No one is saying we need to scrap FM tomorrow, but the fact there’s barely a framework for a credible switchover is an abdication of responsibility from government.

For a time it really did seem like the UK radio industry was on an unstoppable collision course with digital switchover, and if you’d asked anyone in the industry whether it’d have happened by 2021, they’d almost certainly say yes. Well, it’s 2021, FM takes a progressively shrinking share of ear, and yet, we have no framework to get rid of it in the foreseeable future.

Digital switchover is a blunt tool; basically a nudge to move totally off one platform, and one which various parts of the industry would have resisted anyway. But surely, surely, it has to remain on the agenda. It’s essentially been put off for another decade, with no clarity as to if we’ll actually take the plunge when we get to that point anyway; this betrays a shocking lack of ambitious and shortage of confidence in the ability of the UK radio industry to manage this transition in an interesting and innovative way.

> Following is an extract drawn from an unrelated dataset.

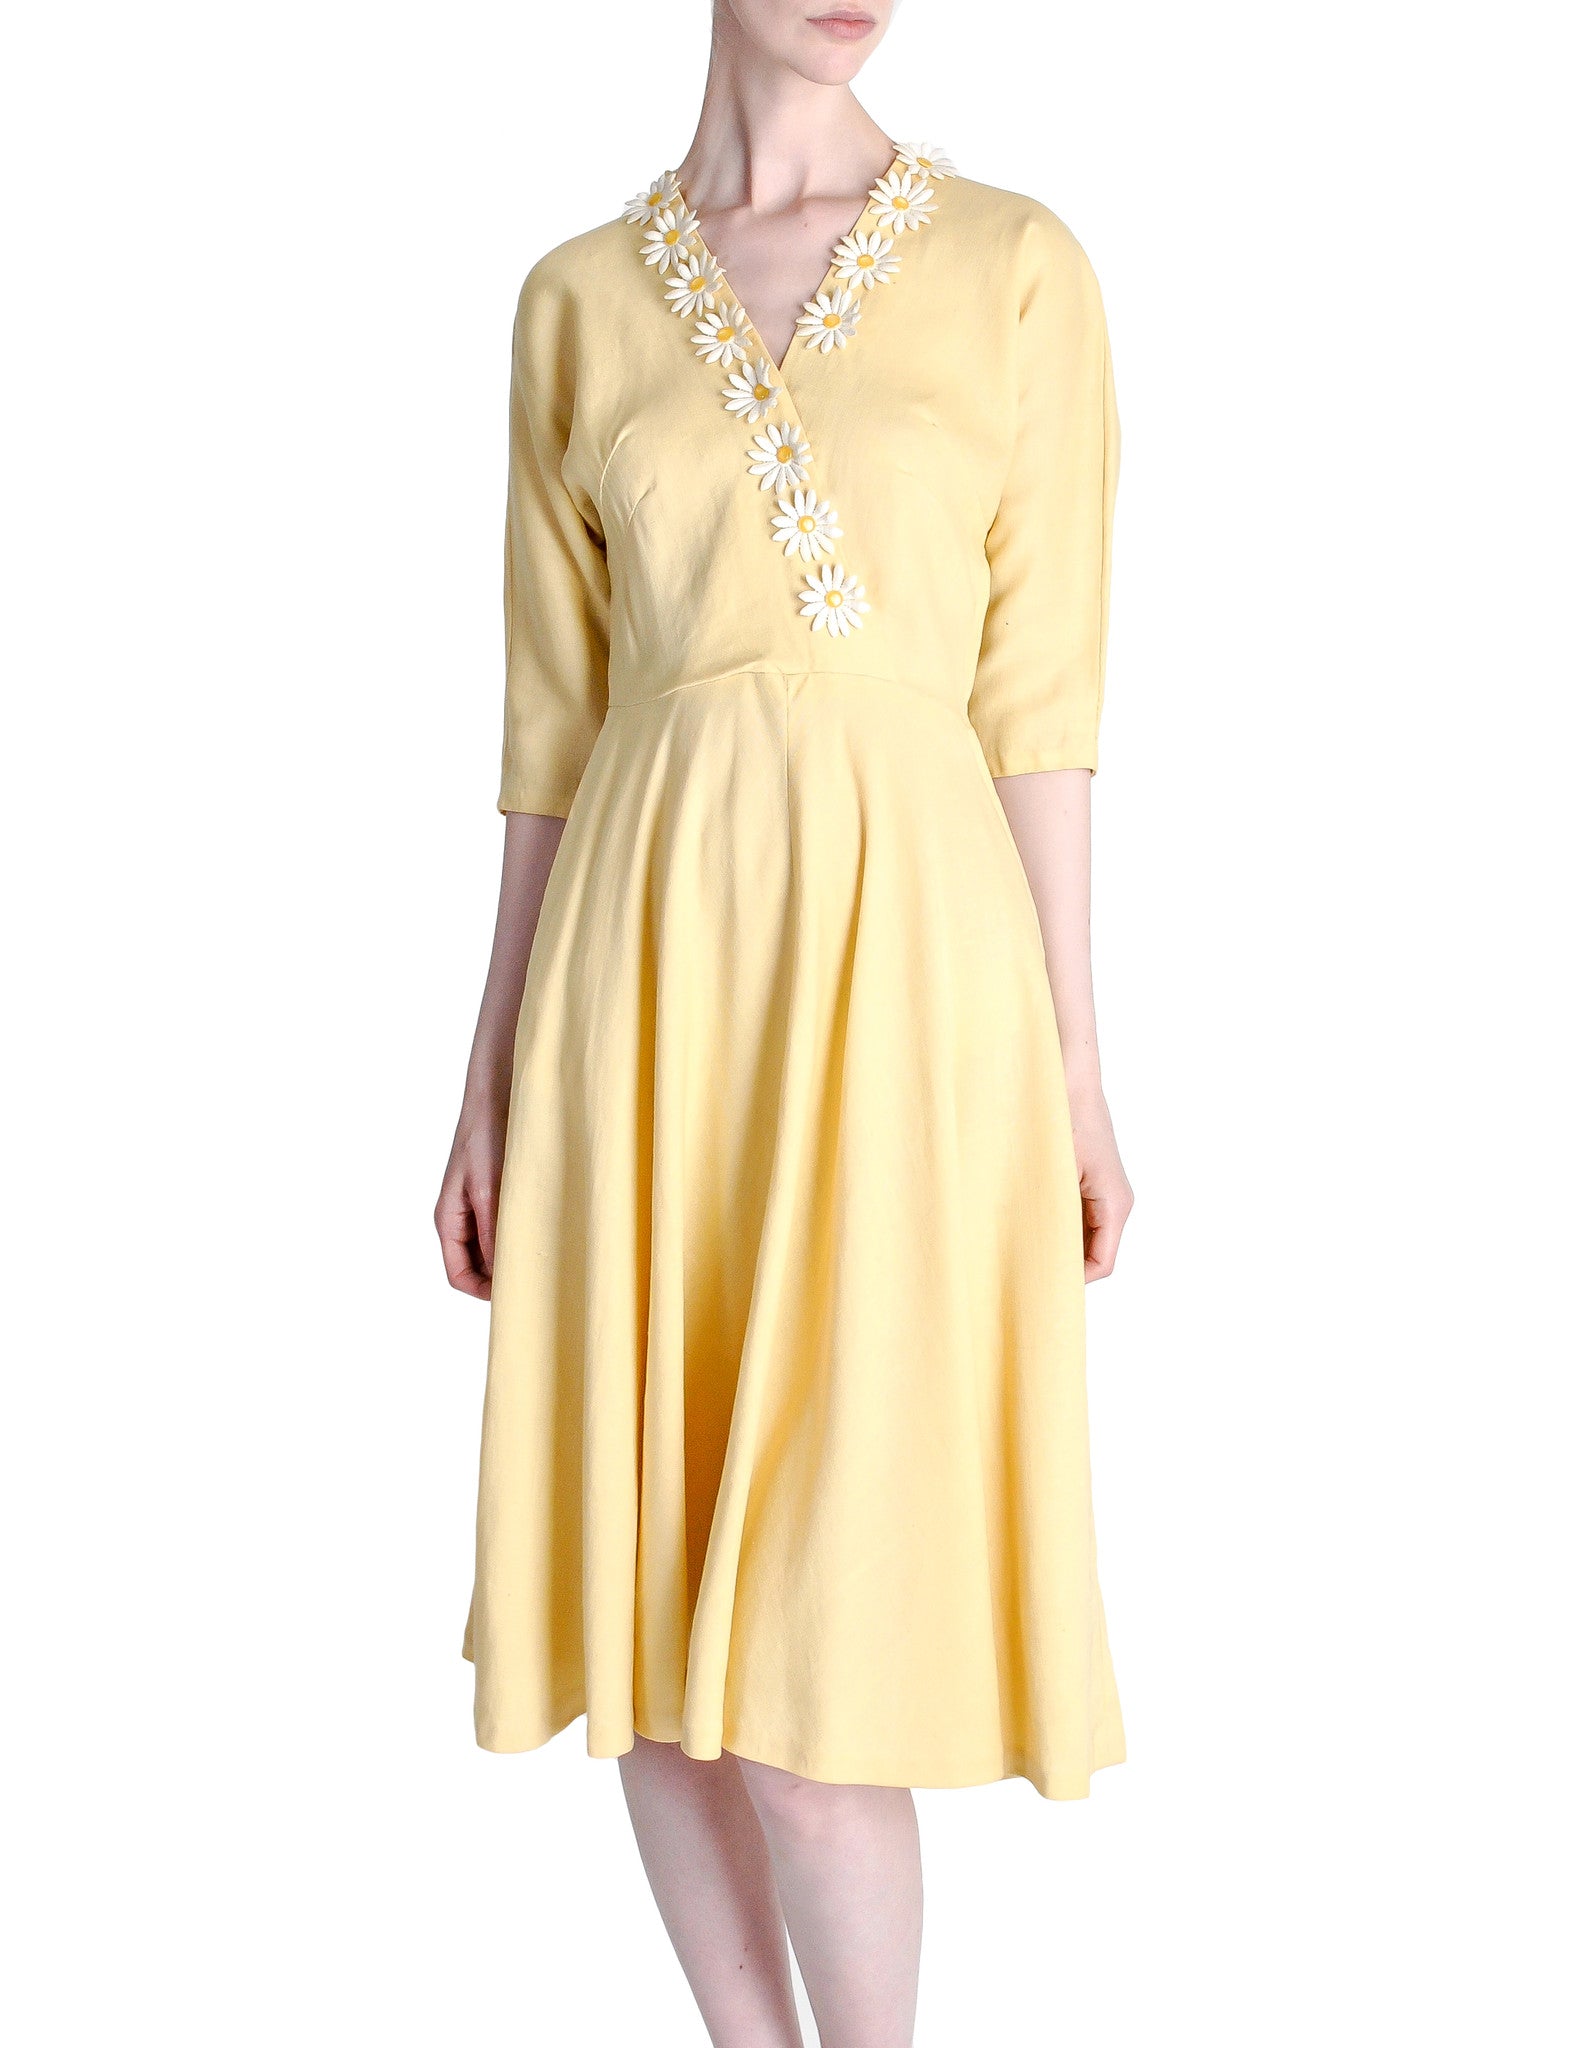 Vintage 1940s Yellow Linen Daisy Dress

The UK radio market in 5 years or so should have FM frequencies as the preview of community and small scale local radio, with DAB and other digital platforms for the big hitters; we thought this would be happening by now, but it’s nowhere near close.

There is something to be said for the risk of doing it far too soon and it having a regressive impact; people (generally older people) who rely on radio for company or information, and who only have access to FM, this is getting rarer, but it’s an important thing to bare in mind. And it’s less an argument against switchover and more a nudge that if we were to do it we’d need government to subsidise DAB radios for all that need to transfer, so as to not pass the excess cost onto unwitting FM listeners.

I think waiting into potentially the 2030s would put us at odds with both the original ambitions in the industry, and the rest of Europe as various nations get closer to a digital onto landscape. Using ageing FM technology indefinitely won’t make sense for much longer considering the growing majority who consume radio through a number of digital platforms, first and foremost DAB of course.

Analogue radio has served its purpose in the UK for a long time, and it’s brought entertainment and information to audiences for years, but it’s time for the curtain call, and it’s time to move on. The biggest hurdle (as well as getting older listeners access to DAB at home) is cars; so many folks listen to the radio in their car (often the only time they listen) and it’s an analogue only radio. Killing FM without addressing this would be suicidal: we have to ensure cars are fitted with DAB for free or at minimal cost once we implement the switchover, with government subsiding the cost for the consumer, so as to ensure we aren’t essentially saddling people in the country with excess costs that some simply can’t afford.